The company this morning confirmed it had failed to secure the permission of 90% of holders of the notes to swap them for fresh three-year investments, triggering a default and a cross default at the heavily indebted solar project unit of the business.
GCL will now press ahead with plans to restructure its debts, including by paying out less than 5% of the monies due from the senior notes for the time being.
The company today made a fresh appeal to the note holders who refused to postpone payment of their investments in time to meet a twice-extended deadline which expired on Friday afternoon.
GCL now wants the investors to support a proposed restructure of company debts which would see them receive US$50 for every US$1,000 of notes held plus a pro rata share of a US$17.8 million fund to be divided among the creditors. Under the terms of the restructure – which would allocate a further US$4.5 million specifically to cover the fees of Houlihan Lokey, Hogan Lovells and Moorlander Consulting Limited as advisors to some of the creditors – payment of the outstanding balance due from the notes would be extended until January 30, 2024 anyway, with the defaulted investments exchanged for fresh, 10%, three-year notes.
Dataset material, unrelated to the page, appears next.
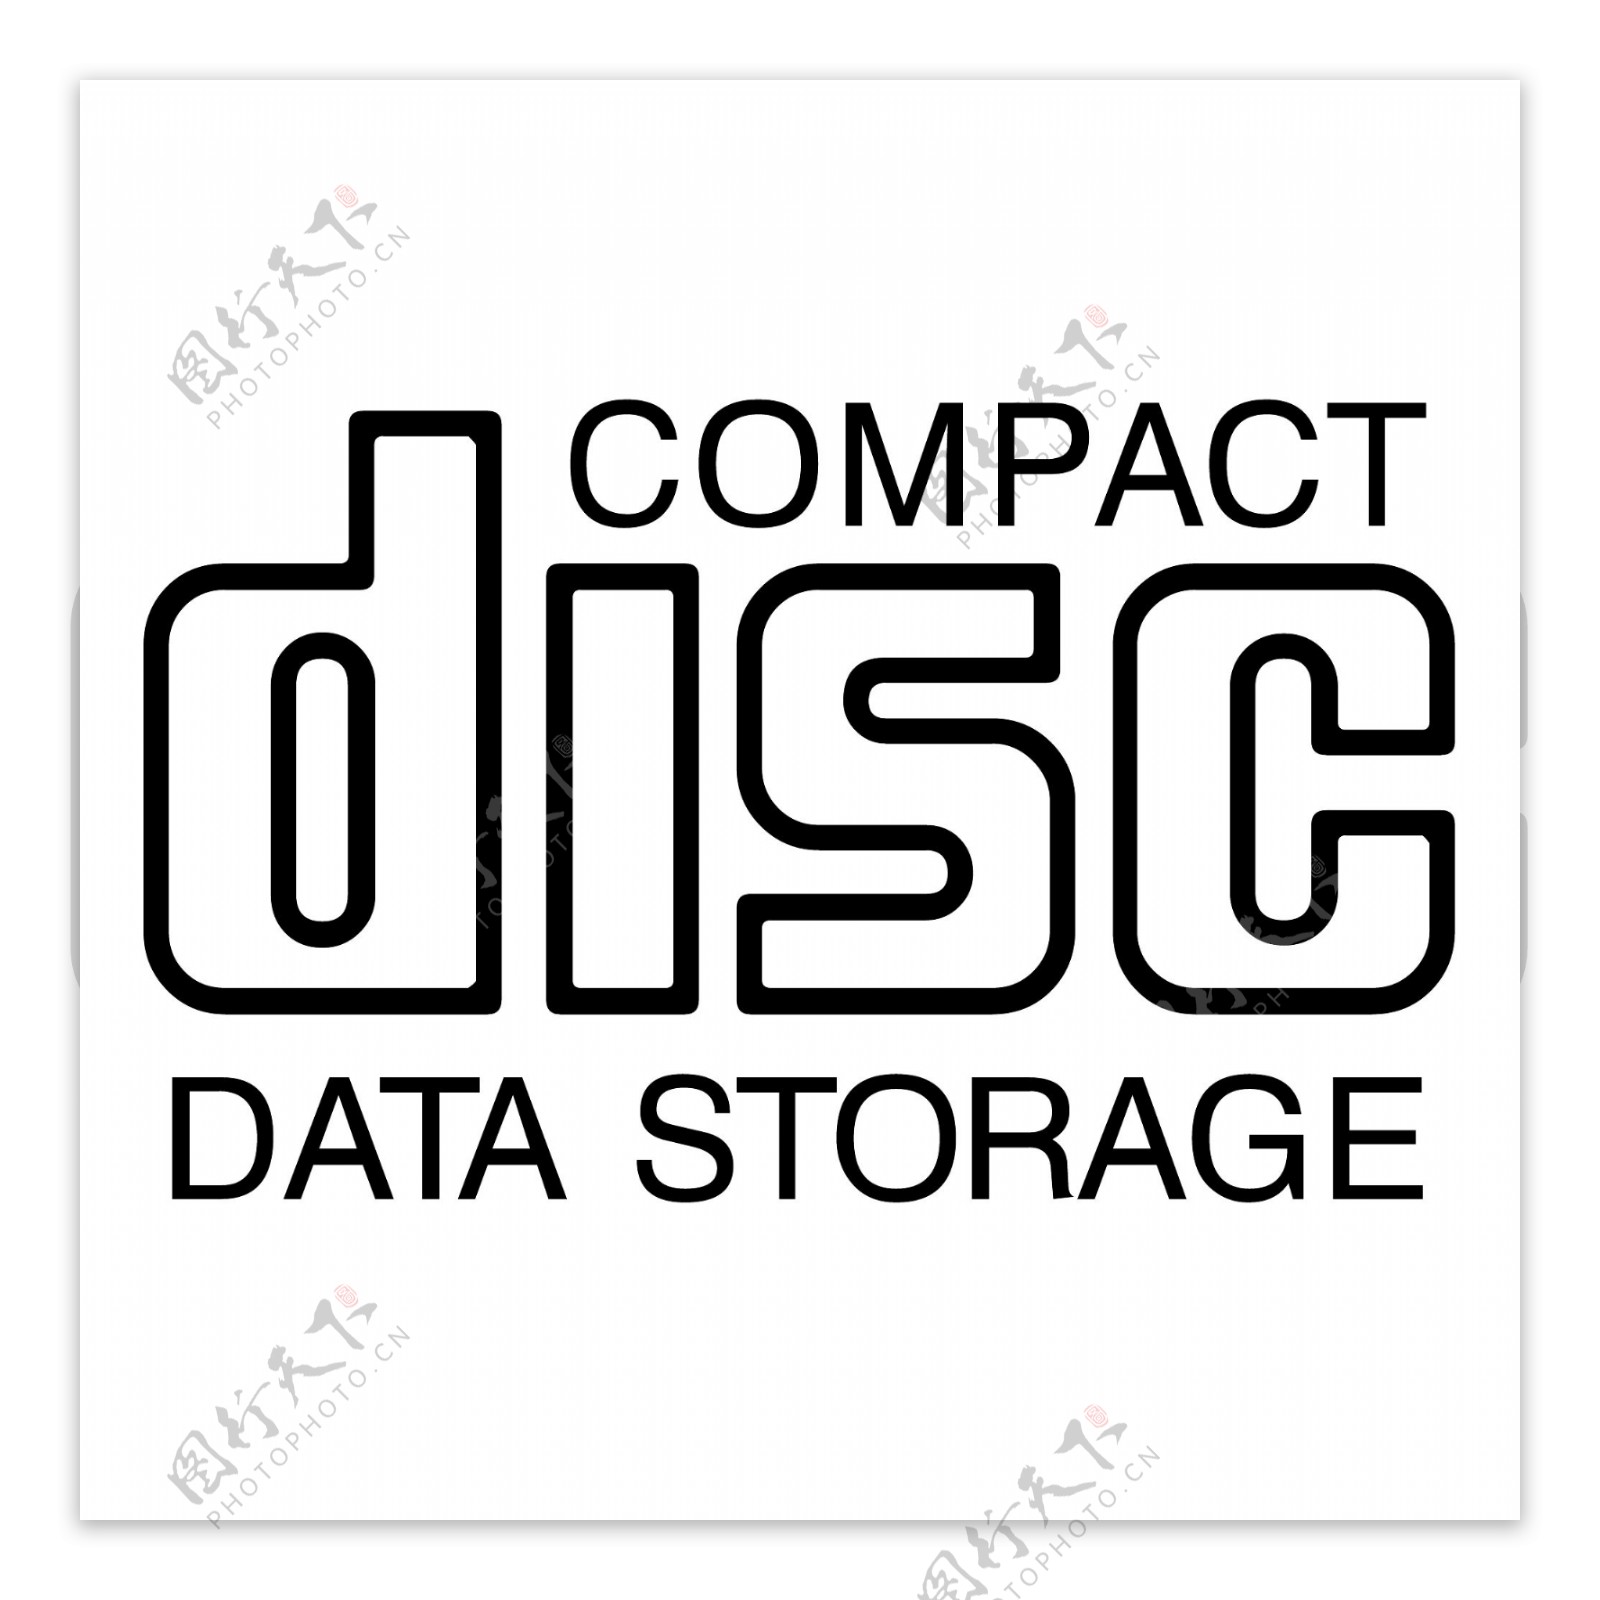 光盘数据存储

The note holders have until next Monday to support the proposed restructure – termed the Bermuda scheme in reference to where the company is registered – and GCL today said it has received commitments from the holders of 53% of the investments to support the plan and is confident of it being approved.
In terms of the cross-default non-payment of the notes triggered on Saturday, GCL-Poly and its GCL New Energy solar project development subsidiary said today: “As of the date of this joint announcement, the company has not received any request or notice demanding immediate repayment of its debts under other indebtedness.”
News of the default followed the announcement on Friday of another RMB218 million (US$33.7 million) injection of public money for GCL from the sale of a 50 MW solar project in China to the Beijing United Rongbang entity ultimately controlled by state-owned energy company Beijing Energy Holding Co Ltd.
That project windfall consisted of a sale price of RMB52.5 million which booked an estimated loss of RMB21 million, plus related receivables for GCL from the unit sold.